Malika’s charity and empathy are shared by other women in the apartment building, who agree that Alexandra must be accompanied back to the base. The teenaged son of one of the neighbors is enlisted to walk with her. He is slender, with the large, searching eyes of a poet. As they walk she asks what his dreams are. He wants freedom, he tells her, and he wants to visit St. Petersburg. Alexandra cannot help him with the first – it is not so simple – but thinks she could help him with the second. As she passes through the barrier into the Russian camp, however, she leaves him with hardly a farewell as she is noisily greeted by the Russian soldiers who eagerly grab for the cigarettes and cookies she has brought them, gifts from Malika. The boy stands wistfully awhile outside the gate, then turns and walks slowly back across the fields toward his bombed-out town, the camera lingering on him from a distance for several minutes. What is he thinking? Is he angry and disappointed? Does he feel betrayed or still hopeful of some future possibility? Will he join the Chechen rebels? What will become of this sensitive, appealing youth, apparently so soon forgotten by the Russian visitor he has just aided? One suspects that director Sokurov intends to leave us with such questions.

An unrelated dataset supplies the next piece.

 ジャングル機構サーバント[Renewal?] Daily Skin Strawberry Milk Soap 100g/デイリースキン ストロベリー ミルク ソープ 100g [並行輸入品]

The film ends when Alexandra’s grandson is sent off on a mission to last several days, and she must return home. At the train station Malika and the other Chechen women are there to wish her well. Alexandra repeats her invitation to come visit in Russia, but Malika turns away as the others continue waving. Is she, the victim of conflict, more cognizant of political reality than the more privileged – and perhaps naïve – grandmother from the “victorious” side of the occupiers?

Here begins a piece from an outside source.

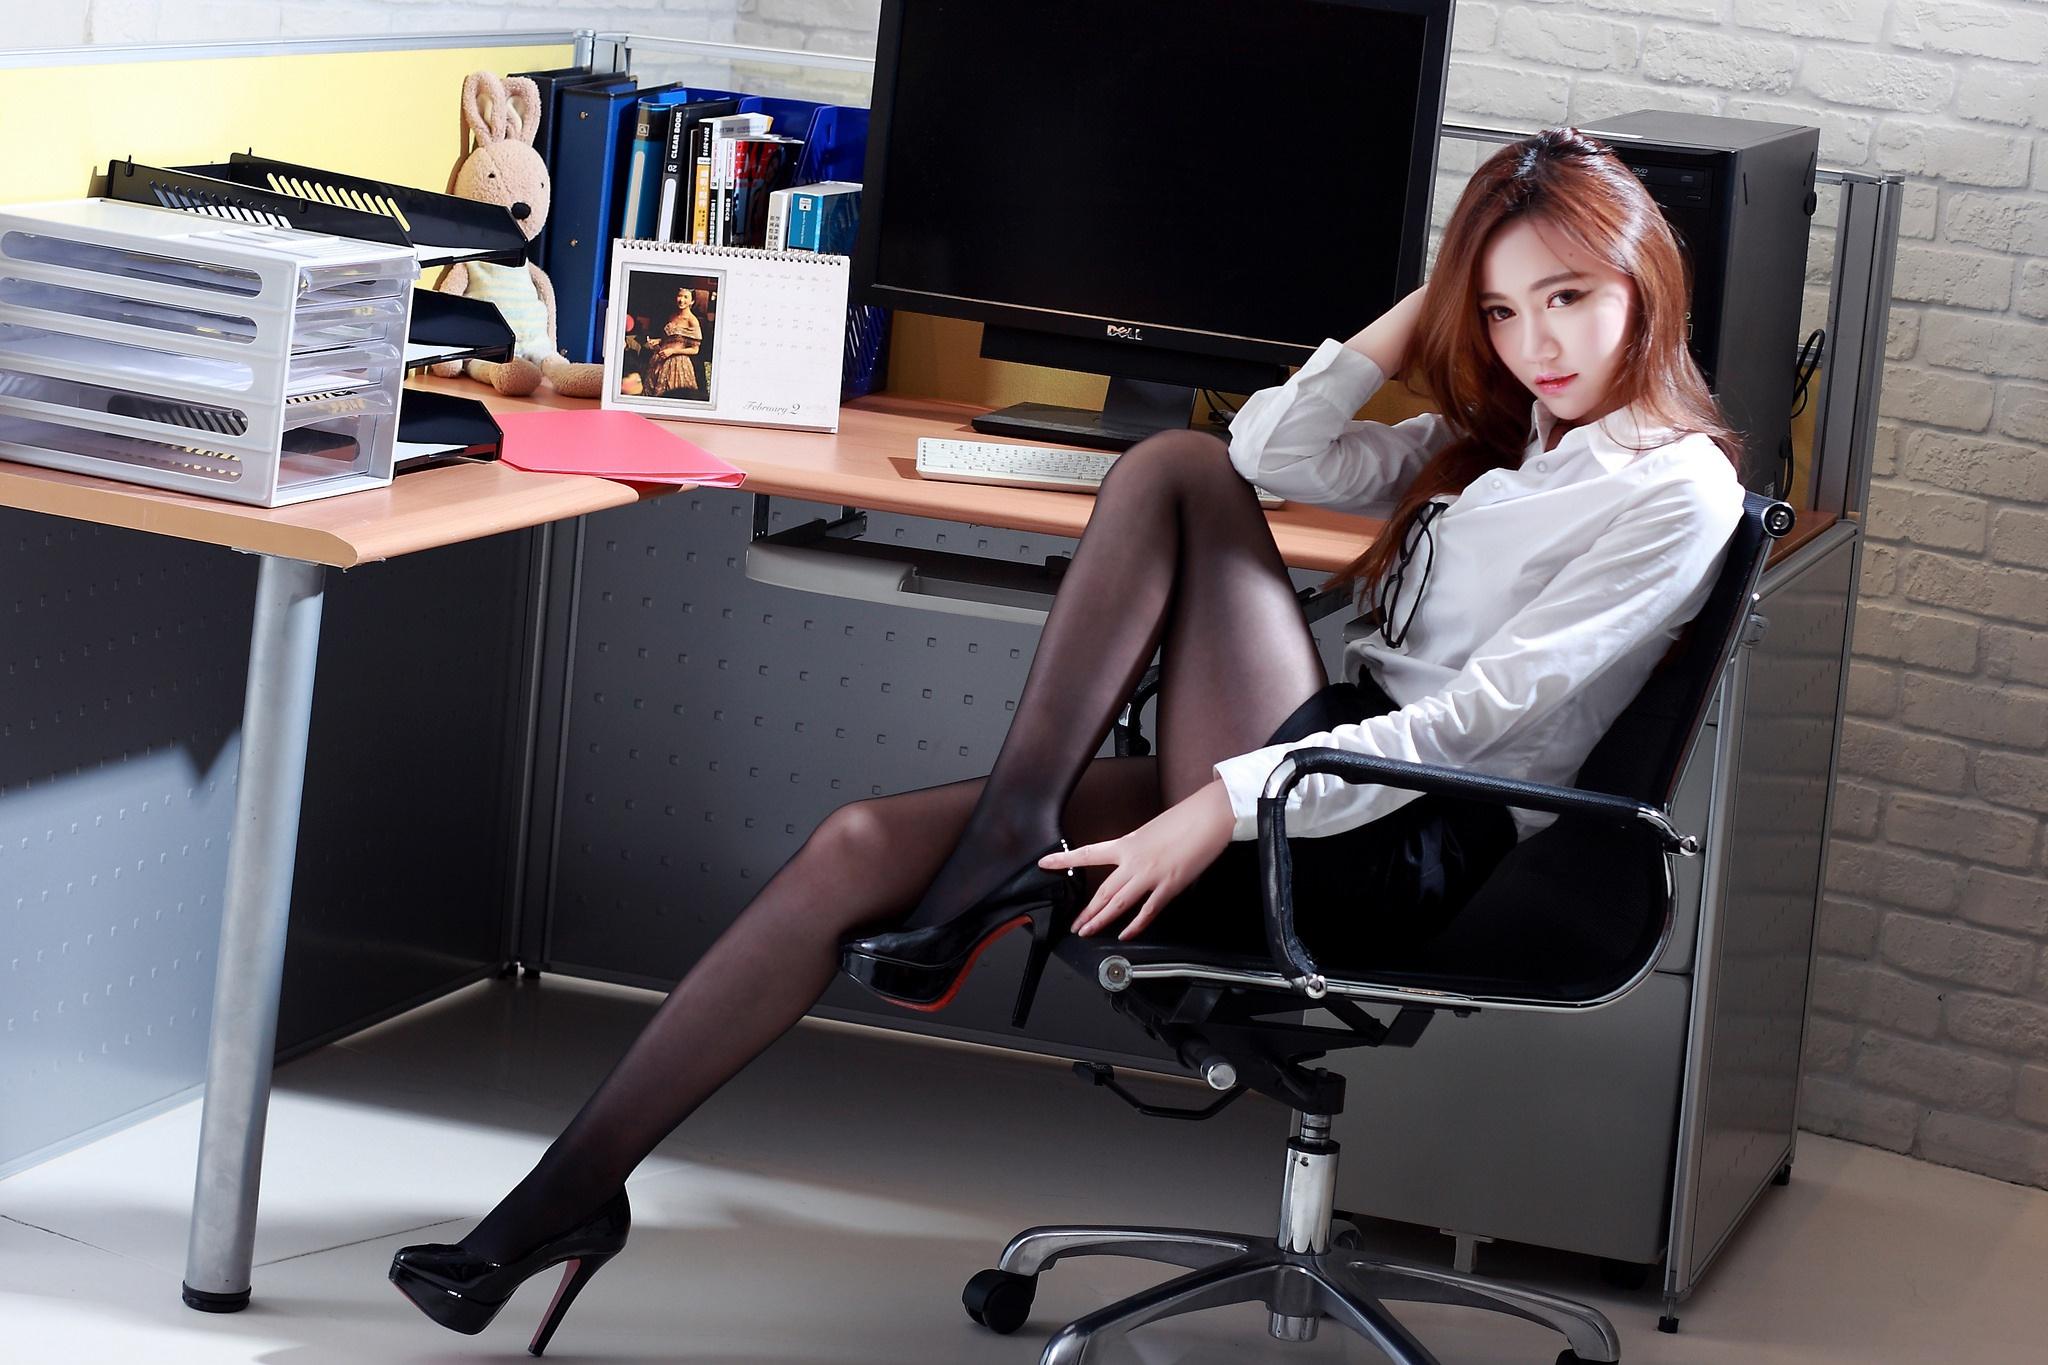 офисные работники под юбками - 8

Sokurov offers little commentary in this film, and is far from simply taking sides; but by careful, unhurried rendering of realistic detail, both Russian and Chechen, he compels us to ponder these lives and the larger political moves that impact them. He makes us realize: it is in the very multiplicity of perspectives – Alexandra’s, Dmitri’s, the Russian boy-soldiers’, Malika’s and the neighbor boy’s – that the truth, that some truths lie buried. And he insists that we honor them all. Beyond multiplicity lies commonality – human feeling and need, shared across the fault lines of age, gender, nationality and ethnicity. Despite its sober realities, Alexandra left me with a sense of consolation. In the face of recurring conflict and destruction the human capacity for empathy persists and shimmers through; and that may be our best hope for the future.